Data Science - Where Aggregations Taint Insights

Learn Data Science
Teradata Employee

I intended this blog post for readers who are transitioning from a BI background to the Data Science world. I was googling on this topic earlier before started writing this blog and it was great to see that more folks have started discussing this. This blog is my spin with more examples.

I love BI - having created tons of reports using MSTR, SSRS, Business Objects for the companies I worked before (including Aster Data). Was able to add value with  the business benefiting enormously from reporting trends, KPI etc.,  - until I found a few years ago on what I was missing.

Hindsight - Reporting is *VERY DIFFERENT* from Insights - Period. We've just transitioned from What to Why with Data Science help over the last few years - How still remains in play. It's a big paradigm shift.

One doesn't have to go find exotic examples of proving this. Let's look at the web clickstream data. With technologies like Teradata Aster you can sessionize billions of rows of apache logs really quickly. See video on what Sessionize does if you are not familiar with the concept:

For the impatient, Sessionize breaks a web clickstream into visits with ids. A visit id gets assigned to a bunch of sequential page view data that happens in close proximity to each other without a big pause between consecutive page views. If a next page view occurs after a big timeout after the last page view, it gets assigned a new visit or session id.

Sessionized data is super useful to understand the user 'intent' behind a burst of activity that occurs in close proximity on the web site. You can use sessionized data to look at things like session or visit duration, page dwell time, sequence of page views to determine intent etc., and even score for intent. You can create all kinds of BI reports around the sessionized data using standard aggregations like Averages, Counts, Count Distincts, Cubify with multiple dimensions (aka segmentation) etc., Slap the measures on a Tableau, Microstrategy Dashboard right ?

Average Session or Visit Duration:

Let's look at Average Session Duration metric. Let's say we measure it as 2.5 min for a whole week of usage by using the AVERAGE() function. If we report this as a KPI in a slide, the first automatic inference the business would get is that 2.5 min is most "central" measure and most session durations are somehow spread evenly around this number (more or less).

Here's the actual distribution of the Session Duration from some sample web logs. Basically a plot of session duration (min) vs # of sessions for each minute bucket.

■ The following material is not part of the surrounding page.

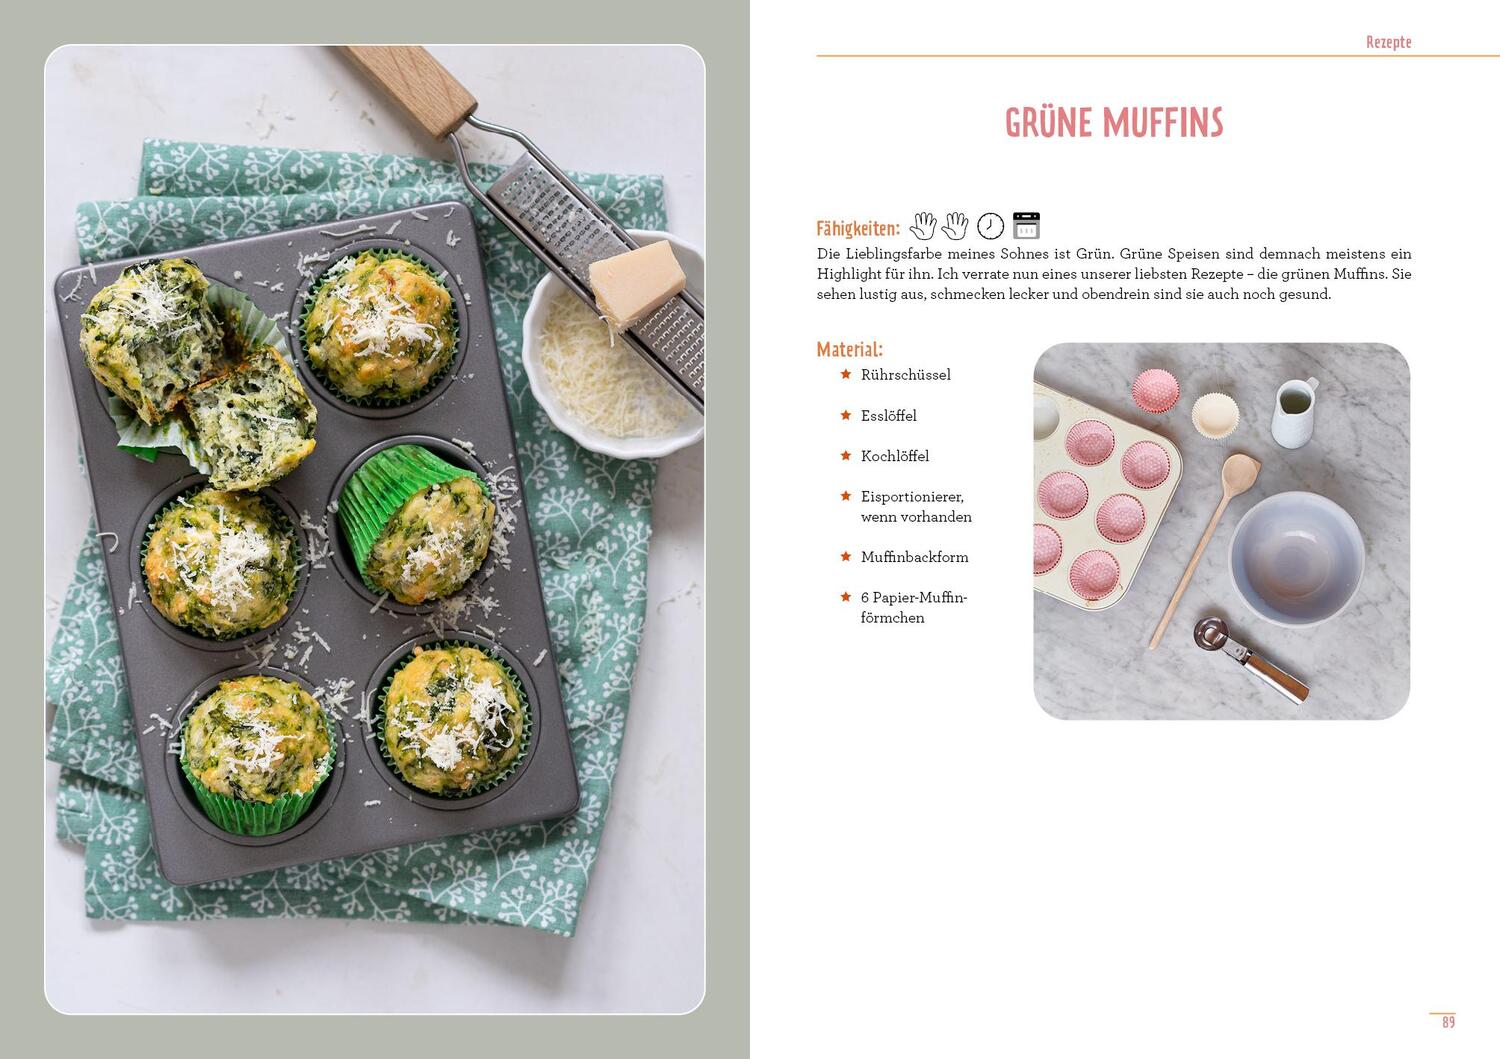 Bild: 9783742322050 | Montessori-Ideen für die Küche - Kochen mit Kindern | Julia Peneder

You can see that a majority of sessions were less than 3 min and only a long tail of sessions that had >  the 3 min duration !! In fact the shorter sessions less than 3 minutes were probably not so useful compared to longer sessions. Three minutes is too less to do anything on a website - yes ? Probably most users were logging in, checking their account balance, or status updates or news feeds and then logging out !! The longer sessions are the ones that in reality would indicate meaningful user engagement which are most likely to be considered for monetization etc.,.

In a typical case, any number north of 5 or 7 minutes would've been an useful # to report !! Any operational decision just based on an AVERAGE KPI # of 2.5 minutes would've gotten bad results for the business - including a website redesign.

Effect of Distribution:

As we've seen with the example above - it's very important to look at the underlying data before interpreting any KPI reported through the distribution lens. In the case of the session duration above, the distribution was the not the typical inverted U shaped distribution that occurs with weights or heights of individuals in nature. Instead the distribution or spread of data was occurring very similar to a income distribution in a population. There are very few super rich and a long tail of high, middle and low income population - a distribution known as a Pareto distribution. In such cases, it's easy to see that AVERAGE() the most popular measure of centrality fails to deliver the intuition.

Average # of Connections per user in a Social Graph:

Today, It's fairly easy to get Social media data like Facebook or Twitter feeds. One of the most interesting measures in a social graph is looking at the # of connections per user and report it to the business/operational folks. For example if you have the social graph in the form of a table, Marketing would like to understand an aggregate over the # of connections per user. If we knew what the average # of connections per user is, it is easy to project the campaign costs etc.,  - yes ?

When I first did this exercise, I was curious to find out what the distribution looked like (burnt from the Average Session Duration episode before). Guess what ? The # of Connections per user also formed a Pareto distribution! In a Social Graph, there are a few users who have 1000s of connections and a long tail of users who have fewer and fewer connections. So reporting an AVERAGE would've been misleading if we had to do it naively.

Reporting Aggregates with Qualification:

As we saw with the two examples 'Average Session Duration' and 'Average # of Connections per user' - The most popular measure AVERAGE in the BI world misrepresented the underlying data and has the potential to drive bad decisions. So question then is, as a Data Scientist or Analyst what would be the responsible thing to report  and share insights ?

  • Always check the distribution for any aggregate you report. It's very easy to do histograms as shown in the Average Session Duration case above. Unless it's a inverted U shaped curve also known as the NORMAL distribution, Averages always have to be qualified.
  • Report Averages with a Percentile qualification. It's more accurate to say that the Average Session Duration is 2.5 minutes for the 90th percentile session or 50th percentile session etc.,. Tracking an Average Session Duration month over month on a certain percentile is more useful that doing it for all the data.
  • Segment the data into multiple dimensions and Report Averages on various segments. Instead of reporting Averages on all data, report Averages on specific Browsers, Areas of Website, Male or Female users, First or Repeat visitors etc .,

Those big Outliers - Shouldn't I be removing them ?:

The word 'Outliers' is a loaded term. If we do not look at the data from a distribution lens, everything that's hurting the aggregate or report will become an outlier !! One can keep removing smaller values or extremely large values and eventually loose the insight. In other words if you are spotting a lot of outliers with no end in sight, the data is probably not a NORMAL distribution . This is why percentiles are so important!

More Scenarios:

There are a lot more common scenarios where Averages are misleading to report as a single number. Here are a few more examples which has Pareto distributions:

  • You are reporting on Workloads in a cluster and trying to understand Average Query Time. I'd check the histogram. There are probably 1000s of smaller duration queries and fewer and fewer longer ones. So reporting Average is kind of misleading . Probably need to tile this and say the average query time for the 95th percentile query is XYZ etc.,
  • Average # of Queries per User - There are always a few # of users who do an extremely large # of queries with a long tail.
  • Anything else ?

Quickest way to compute Percentiles on billions of rows:

Checkout the ApproximatePercentile() SQL/MR function in the foundation guide! It can take billions rows and tile it in a distributed way really quickly. Traditional Percentile() functions bring all the data into 1 node and chop it into tiles. However ApproximatePercentile() does it very efficiently with a trade off between performance and acceptable error.